Enfin, parce que poser l’état d’une question n’est pas seulement une pratique universitaire, mais bien celle que les Latins déjà conseillaient à tout homme qui entreprend : Antequam agatis, cogitate !, nous avons estimé que ce numéro devait s’ouvrir avec une riche et synthétique réflexion sur la stratégie !

 

1. Cf. In memoriam, Un fondateur et ami de la Revue vient de nous quitter, Pierre Tabatoni, La Revue des Sciences de Gestion, direction et gestion des entreprises, n° 218, mars-avril 2006, page 12.

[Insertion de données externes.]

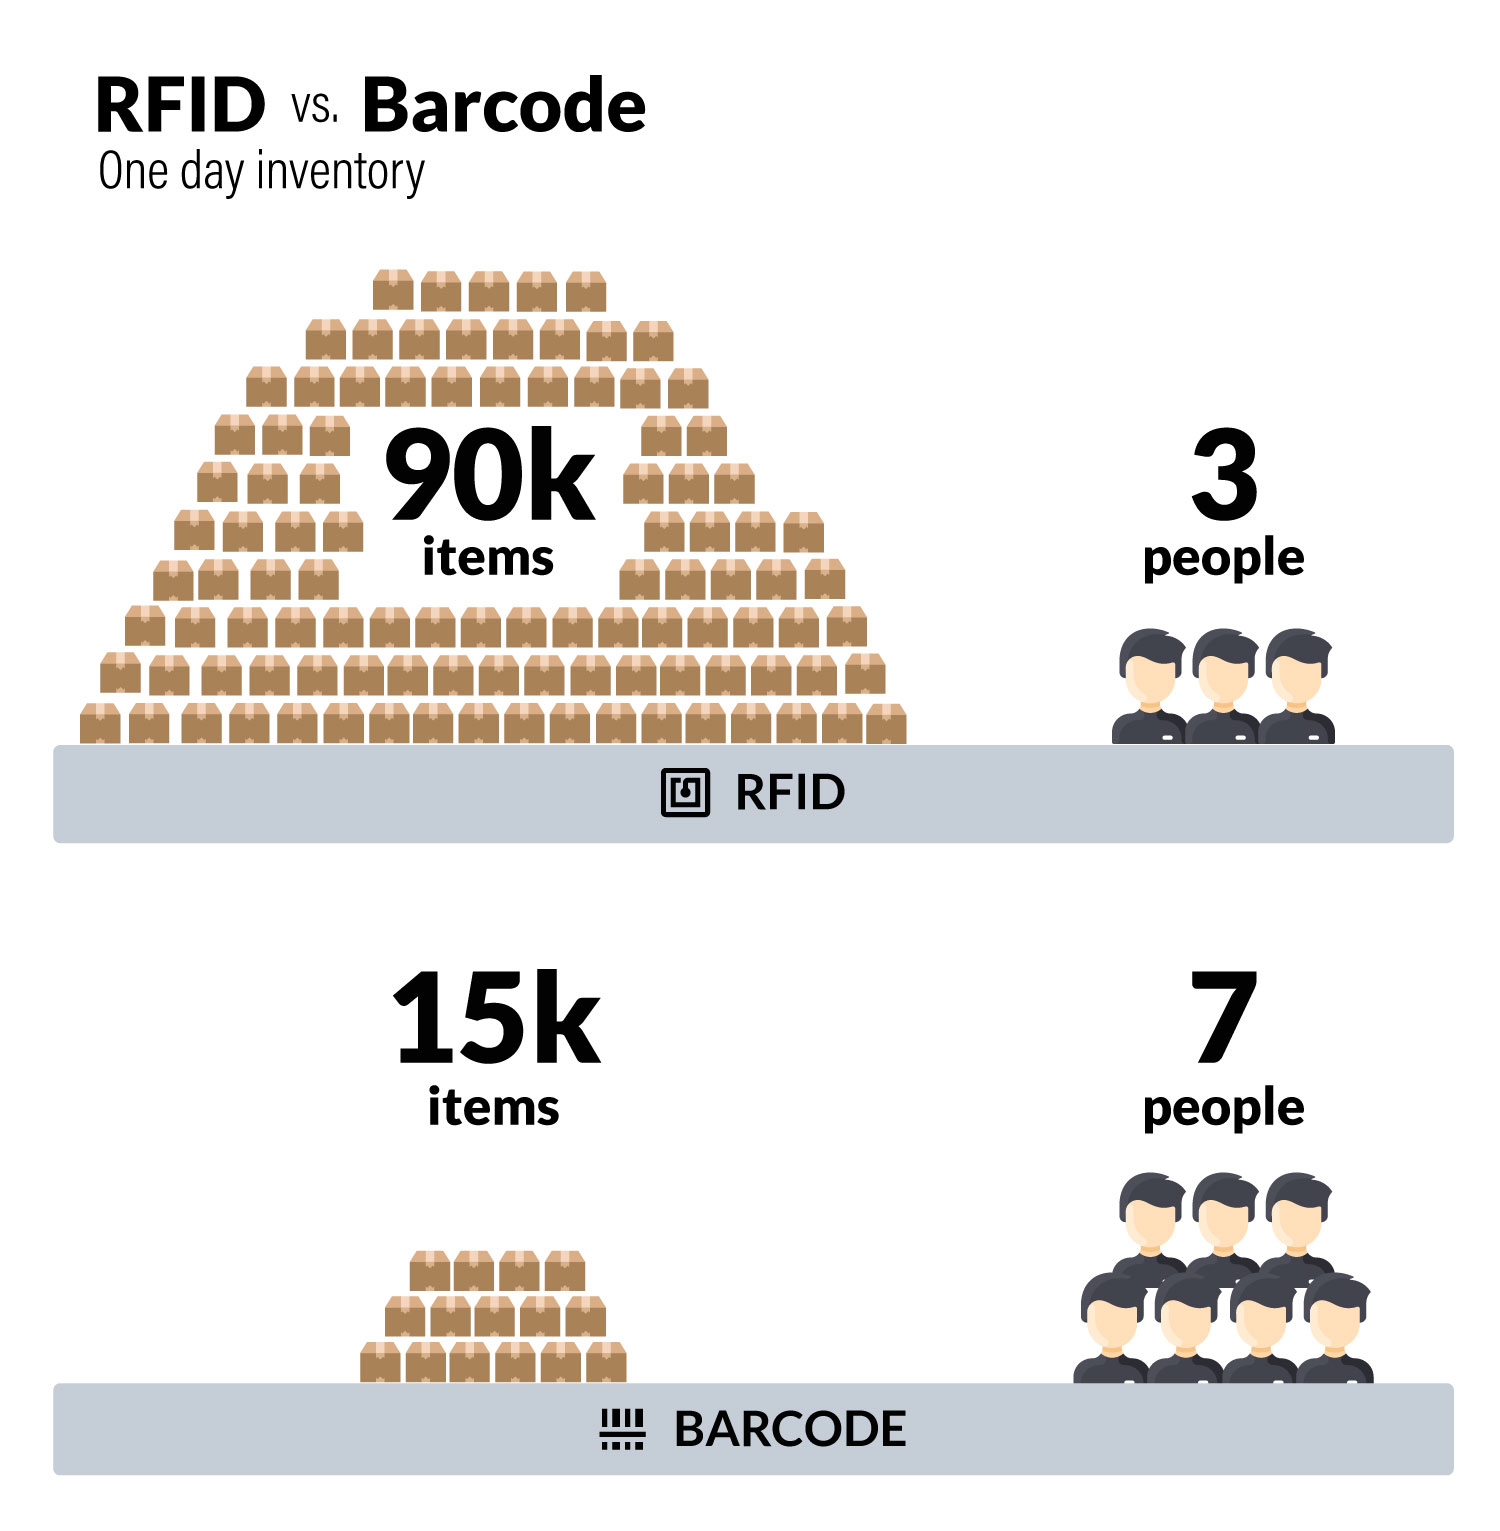 RFID inventory vs barcode inventory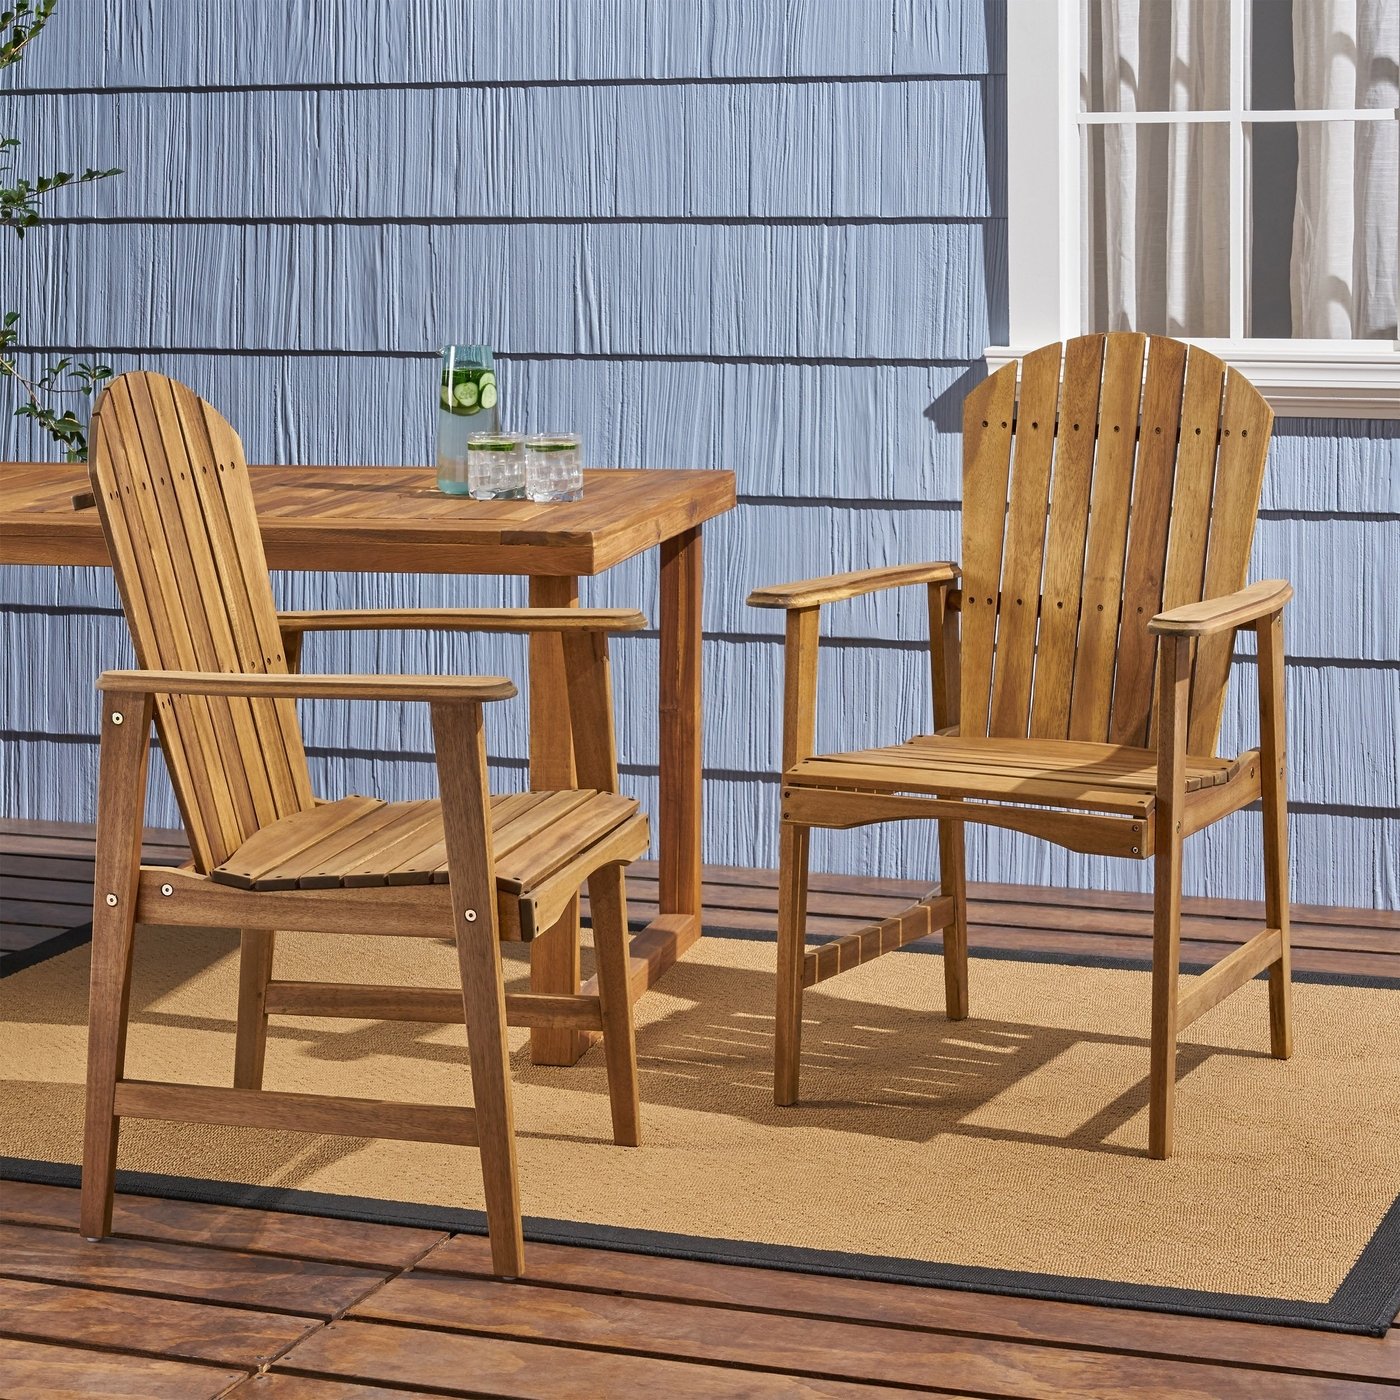 5 Expert Tips To Choose Patio Dining Chairs - VisualHunt

2. « Hard Facts, dangerous half-truths & total nonsense » Harvard Business School Press, 2006, traduction de l’américain par Sabine Rolland, éditions Vuibert, Paris 2007, 265 pages.

3. Le localisme dans le monde académique : un essai d’évaluation par Olivier Godechot & Alexandra Louvet, 22 avril 2008, http://www.laviedesidees.fr/Le-localisme-dans-le-monde.html

4. « La banqueroute est au coin de la rue ou les arbres ne montent pas jusqu’au ciel !, La Revue des Sciences de Gestion, direction et gestion des entreprises, n° 224-225, mars-juin 2007, pages 5-7.